Yo pensé en la discriminación laboral de la mujer, mientras mi alter ego (mi polla) lo hacía en meterse dentro de aquel apetecible coño.

—Entre los ancianos repartiremos boletos para que participen en el test. Pedrito el mongol te traerá un par de cajas con números, deberás sacar ante ellos uno para mujeres y otro para hombres. Los que ganen harán el test contigo.

—Ah, no… Yo no me tiro a un vejestorio.

—Cobrarás las horas a precio de extras —me contestó.

—Podríamos dar más oportunidades y que puedan ser cuatro los elegidos —contesté llevado por mi cariño hacia los ancianos.

Ya eran las doce del mediodía, cuando escuché alboroto por el pasillo. Vi a una caterva de veinte ancianos y ancianas casi trotando en dirección al ventanal de demostraciones de mi cubículo. O sea, hacia mí, contra mí.

Algunos llevaban andaderas y avanzaban poco a poco obstaculizando el paso a los demás para hacerse sitio ante el ventanal; pero los más ágiles saltaron por encima de ellos y los adelantaron.

El guía (Jenaro, el encargado de la limpieza de los aseos), les decía algo pero nadie le hacía caso, así que enseguida se perdió para fumarse un cigarro.
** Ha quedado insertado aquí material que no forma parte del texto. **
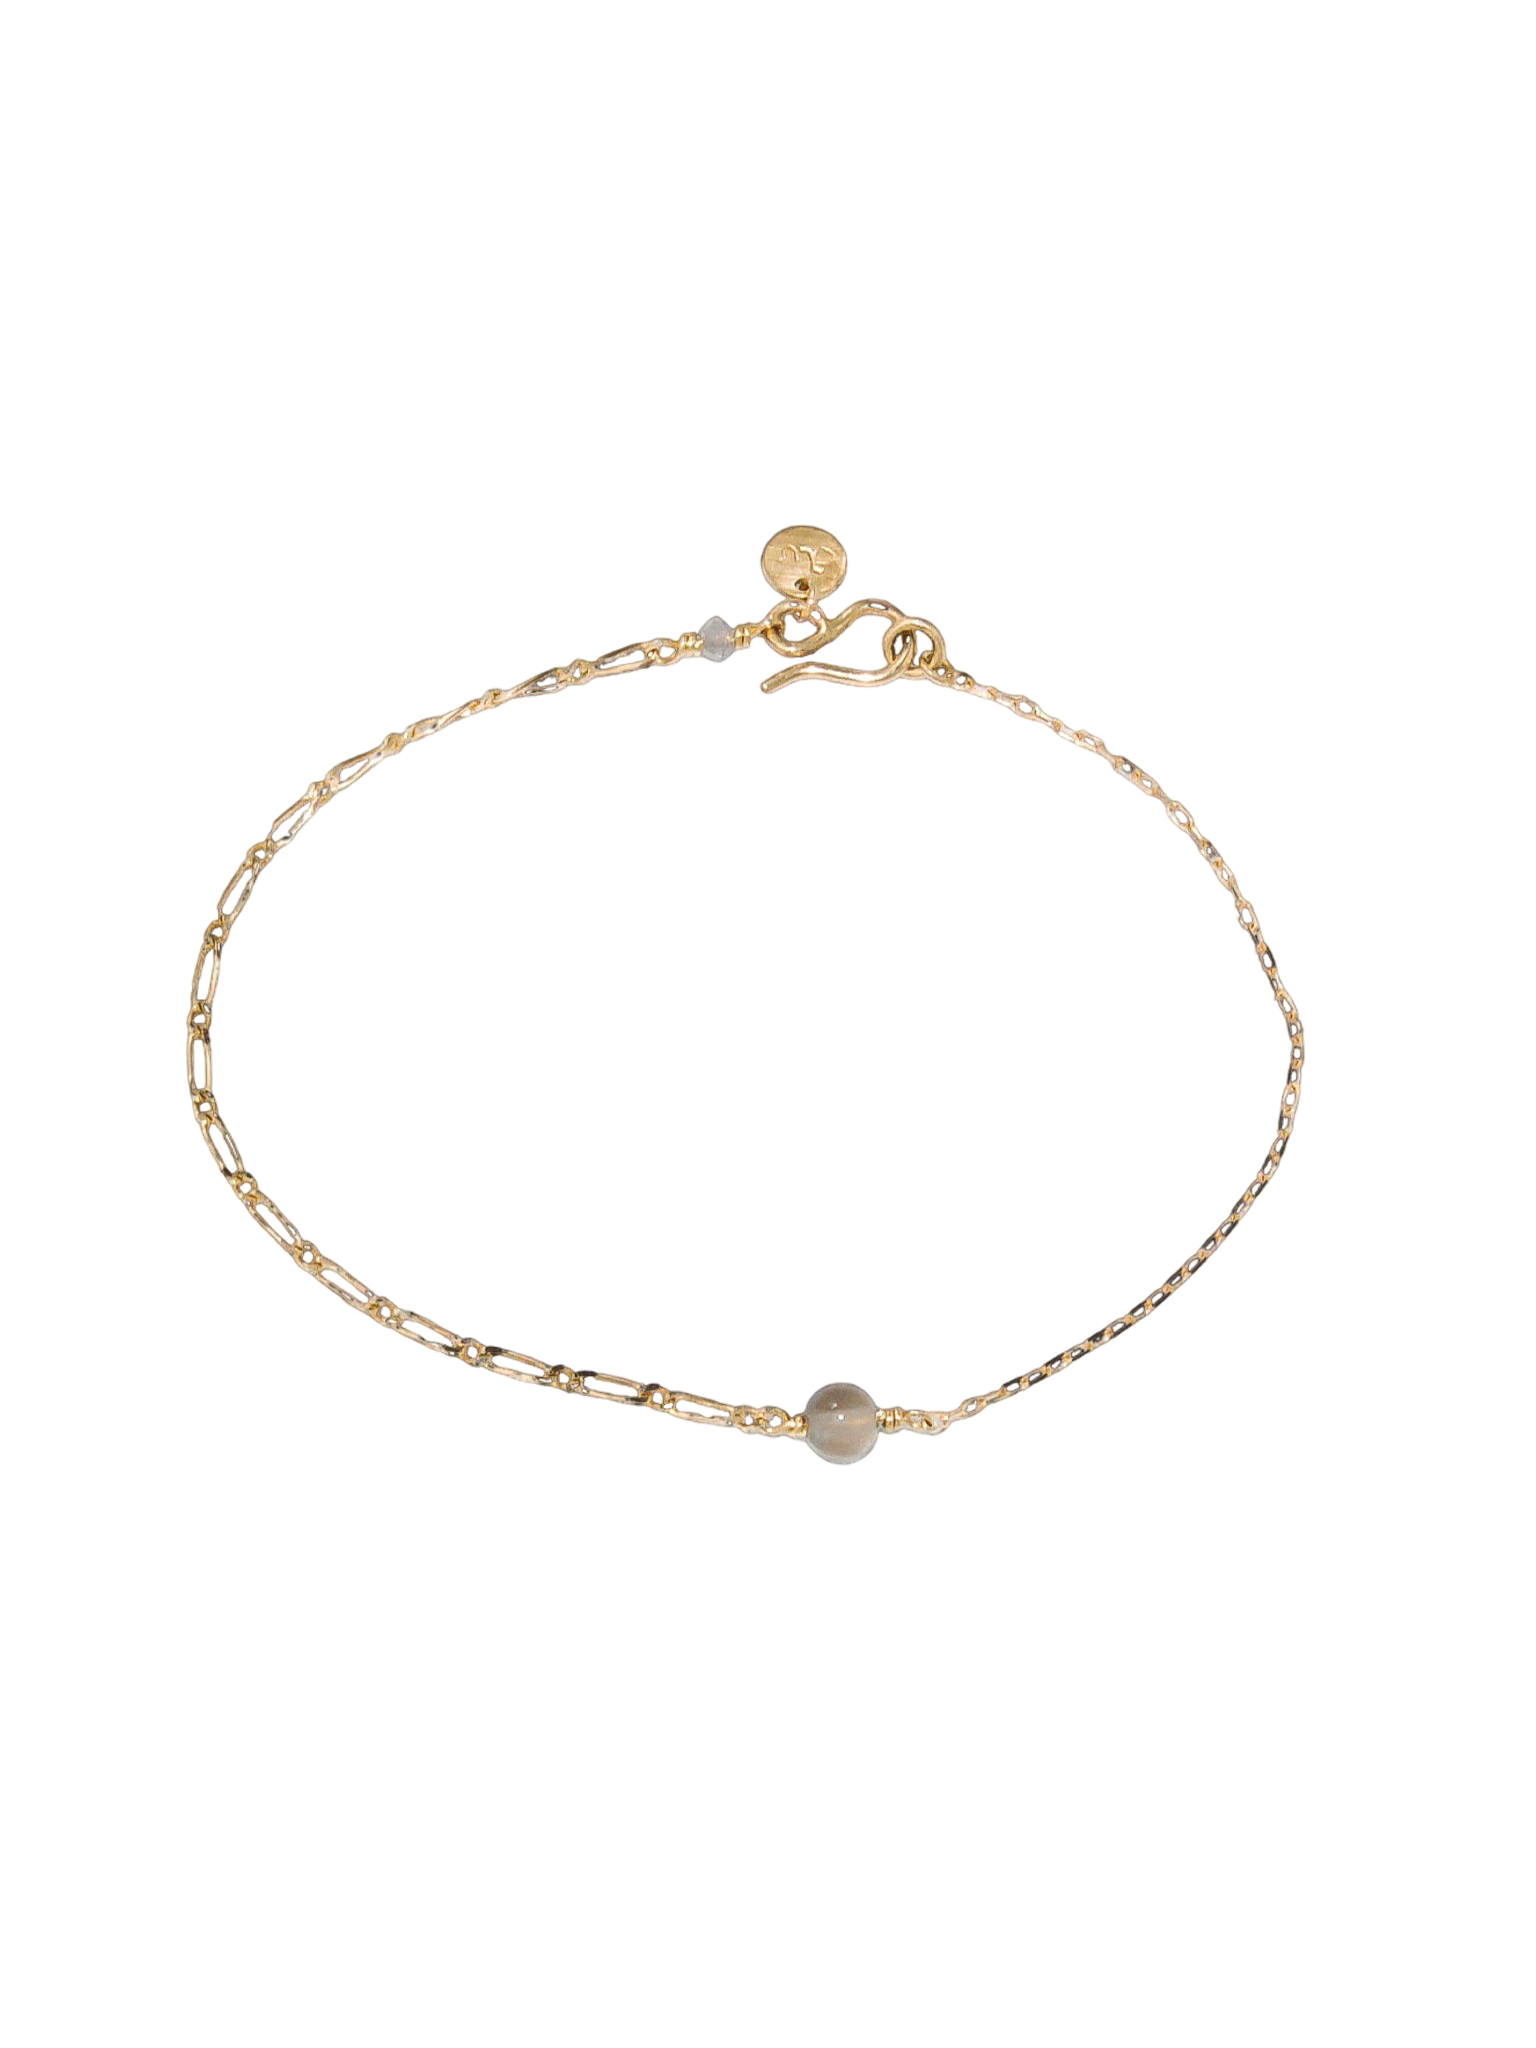 Bracelet with moonstone and diamond

Lo sé porque se estaba sacando el paquete de tabaco del bolsillo. Soy sagaz.

Y sentí envidia.

A los pocos minutos llegó Pedrito, el mongol (también conocido como síndrome de Down, tengo cultura) que repartía el correo por las distintas áreas y departamentos de la empresa.

— ¡Hola Iconoclazzta! Te traigo lozz numedozz para el zzorteo de loz viejozzz.

— ¿Quieres quedarte? Te dejo que hagas una prueba del smartcondón, cuando llegas al orgasmo envía un estado de felicidad al feisbuk y al tuiter.

—Una mied-da a mí no me guz-ztan laz viejaz. Ademáz, me ha pedido Mad-ga que vaya a folladla porque zu jefe le ha dado el aumento, pedo no la ha dejado a guzto y no quiede maztudbadze zola.

—Pues vete a la mierda, deficiente mental desagradecido.

—Tu puta mad-dre —dijo cerrando la puerta.

Los viejos ya habían ensuciado el cristal con sus babas y estaban ansiosos por saber quien sería el ganador, me mostraban sus boletos agitándolos en las manos y golpeando la ventana con sus miradas pletóricas de ambición y lujuria.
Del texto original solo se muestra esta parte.